# Free time + Stock springs = Calculations



## ReVerm (Jan 13, 2003)

This is what happens when I get bored:

Using the figures for wire diameter, coil outer diameter, and model from the FSM, the stock front springs out of my car, and the Young's modulus, Poisson ratio, and density for 9254 steel (courtesy of eFunda), I calculated out the front spring rates for the B14 series cars.

According to the FSM, there are four types of springs in use on our cars. Their color codes and approximate spring rate (with 5 active coils) are:

White: 102~104 lbs(f)/in
Yellow: 106~108 lbs(f)/in
Pink: 113~115 lbs(f)/in
Light Green: ~118 lbs(f)/in

Each of the B14 trim levels have the following springs:

Sentra Base/XE - Manual Trans: White
Sentra E/XE/GXE - Auto Trans: Yellow
Sentra GLE/GXE - Manual Trans: White
Sentra GLE - Auto Trans: Pink

200sx Base/SE - Manual Trans: White
200sx Base/SE - Auto: Yellow
200sx SE-R - Manual: Pink
200sx SE-R - Auto: Light Green

Although these are approximate figures, I think it's pretty safe to assume that Nissan did put stiffer springs in the Automatic transmission cars, probably to offset the added weight of the auto.
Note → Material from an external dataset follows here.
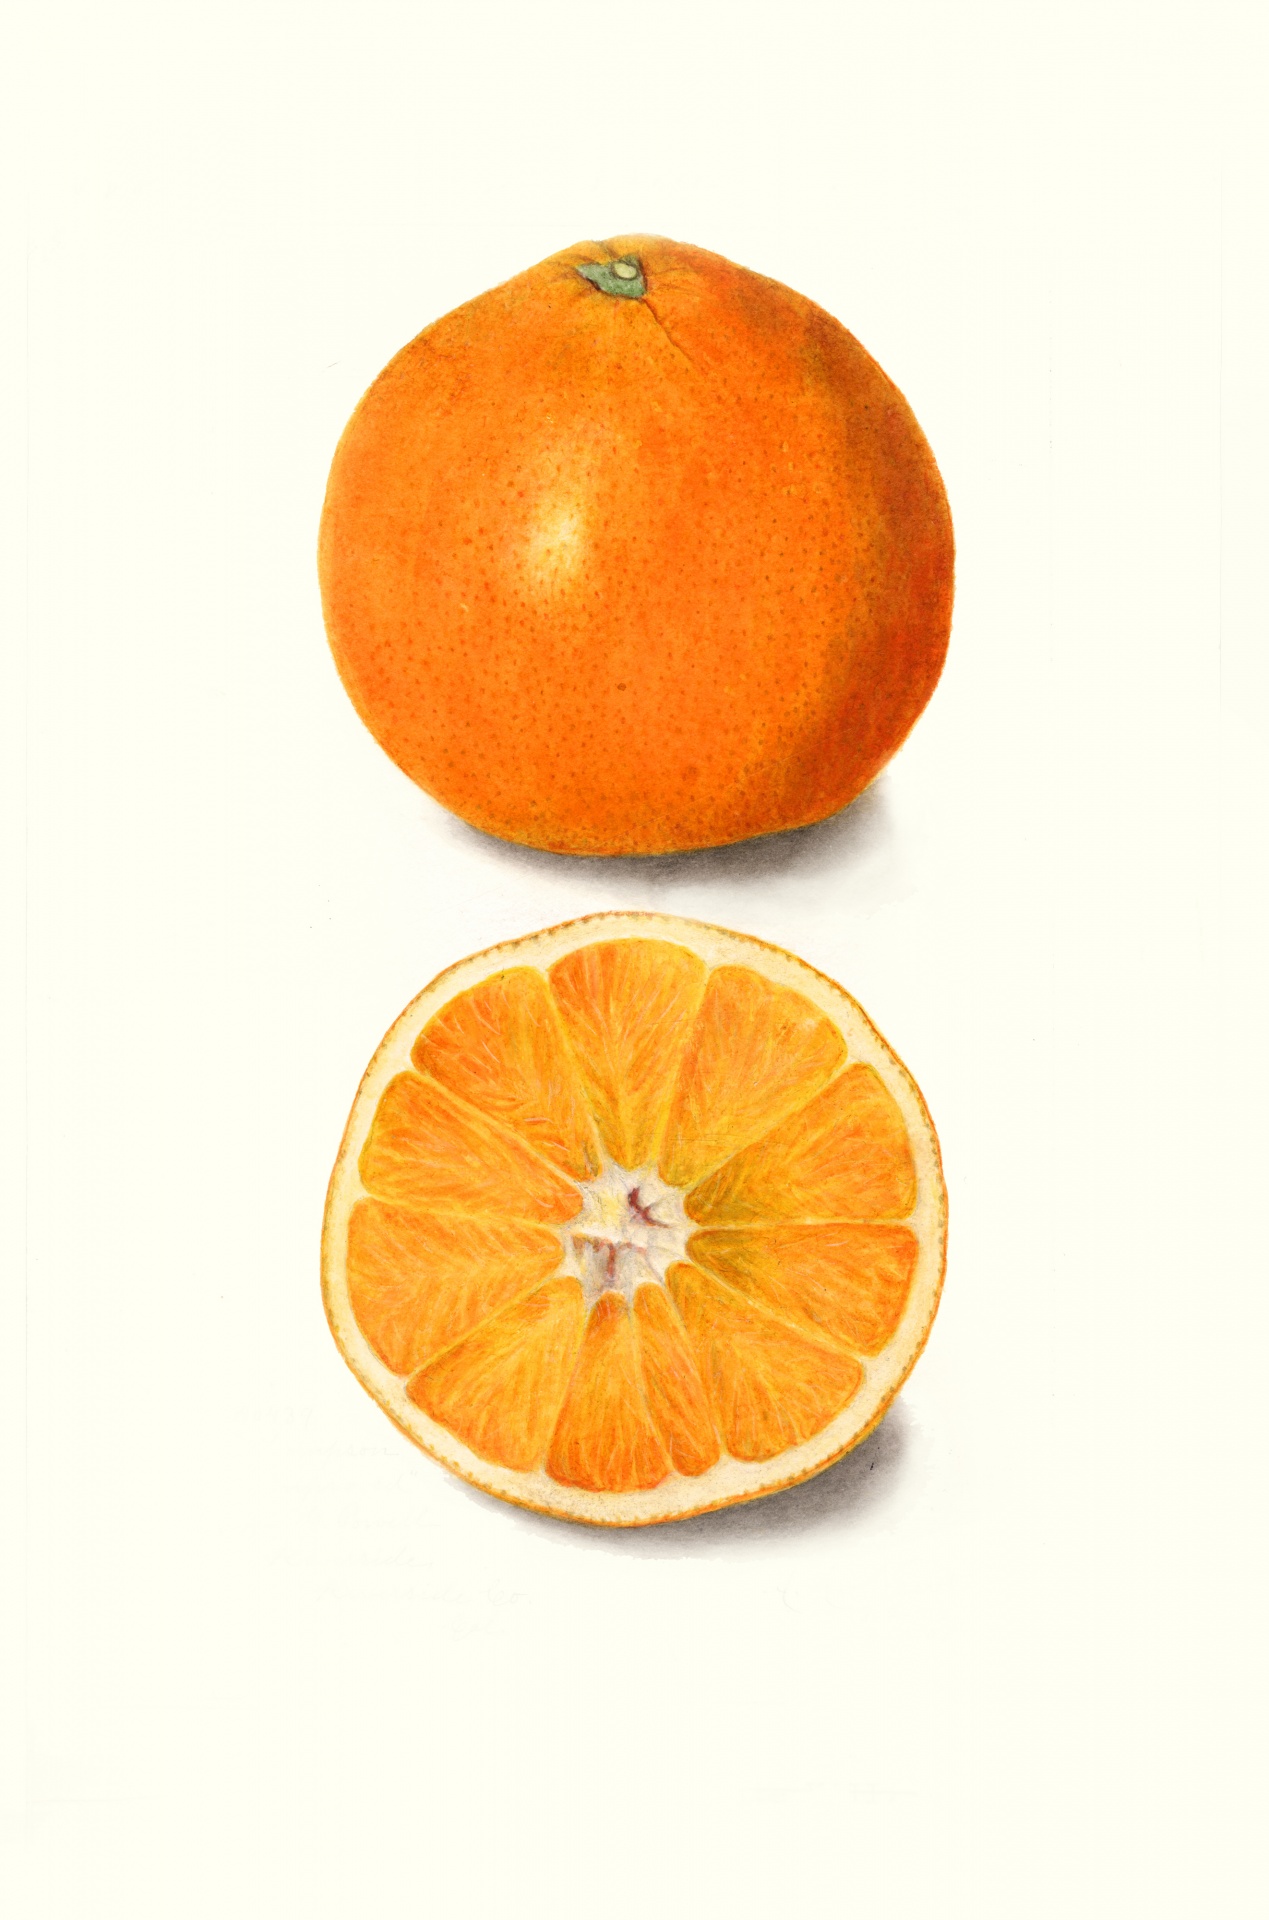 Annata di frutta di frutta arancione

These results also confirm that the SE-R springs are stiffer than most other B14 springs, but not by very much. Remember, these are only the rates for the _front_ springs. I'll put up the rears tomorrow when I get them cleaned up.

_Please note that these are approximations, not actual measurements. I have assumed 5 active coils per front spring for each of the models (reference spring was from a 1998 200sx base model) and ANSI 9254 Spring Steel for each of the springs._

UPDATE: Due to the rain this morning and me sleeping in, I couldn't get the data for the rears. Sorry. I'm hoping I'll have time by this weekend and have it all up by then.


----------



## ReVerm (Jan 13, 2003)

*Dammit!*

I did get the rear springs cleaned up, but when I went to go do the calculations, I kept getting spring rates that seemed really, really high. I think it's because the rear springs on our cars are progressively wound, and I'm probably screwing something up in my calculations. So I'll have to get back to all of you with approximate rates for the rear.

What I did discover while doing this though is that I screwed up the calculations for the fronts. I took another look at the front springs, and realized that they only had about *4.25* active coils, _not_ 5 active coils as I used for the calculations above. I must have miscounted somewhere along the line. In any case, this means that the front springs are stiffer than I initially reported. I am editing the original post now to reflect this change. Sorry guys.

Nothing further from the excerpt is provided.